We recently visited a new Bistro and Gin Bar that has opened in Pretoria and is all the rage in town. The menu features some interesting meat dishes including locally produced Wagyu Beef and steak tartar. I simply had to try the steak tartar…. it all looked so promising. I shouldn’t have bothered! There it was: a nice and heavy clump of meat. At least they had the decency to serve the egg yolk separately….. How can chef after chef get it so wrong?

Amidst the snickering about “that is Pretoria for you” or “what do you expect in Bulls country?” let me hastily add that there is one fantastic tartar served in Pretoria. You can find it at Tasha’s on Brooklyn Square. This however, is a salmon tartar served in the classical steak tartar mould: freshly cut salmon served with chopped onion, sliced tomato, freshly cut avocado (a decent portion!), fresh coriander leaves, chopped chillies, soya sauce and thinly sliced toasted baguette. For brunch or lunch this is my go-to dish in Pretoria – always enjoyed with a sauvignon blanc or sometimes (if I feel extravagant) a pinot noir. This wonderful dish served by Tasha’s exemplifies everything I have said about steak tartar.

My regular enjoyment of Tasha’s salmon tartar has lulled me into a false sense of security however. Recently, I lunched in the newly opened Menlyn Main, at a well-known Asian restaurant that has been for years the landmark in Pretoria of all things sushi and other exotic dishes. This was a safe bet to order salmon tartar if ever there was one. Don’t you believe it! There on a plate, was the compressed ball of cut salmon served with…. nothing – al la steak tartar Pretoria!

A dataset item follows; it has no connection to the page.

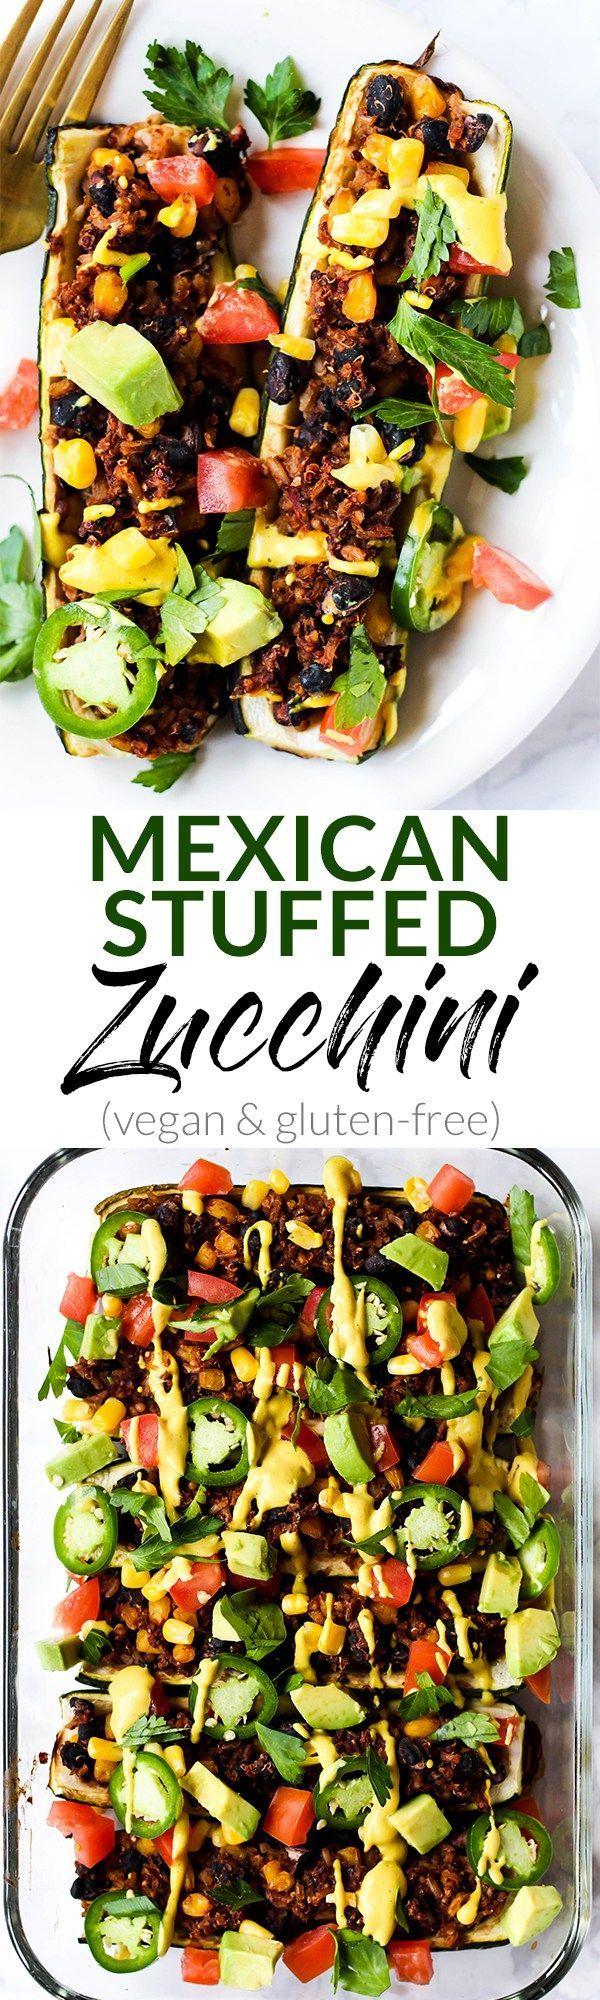 Mexican Stuffed Zucchini Vegan Gluten Free

So, if you are a chef in Pretoria (or anywhere else for that matter) who is not yet serving steak tartar or if you are one of those who have stuffed it up in the past, then consider this a challenge. Use your imagination and let the creative juices flow! You can come up with your own set of condiments to serve with your steak tartar: a secret blend of mixed herbs and spices, anchovies, homemade mayonnaise, grated fresh horse radish… the list is simply endless! You can offer it in different sizes: 50 gram, 100 gram or 150 grams to match the appetite of your customer. You can offer it with raw egg, poached egg or boiled egg to the liking of your customer. You can change your offering regularly so that we keep on coming back to enjoy the new tastes. You can do anything with this dish, but please, please, please spare us the bland old compressed meatball!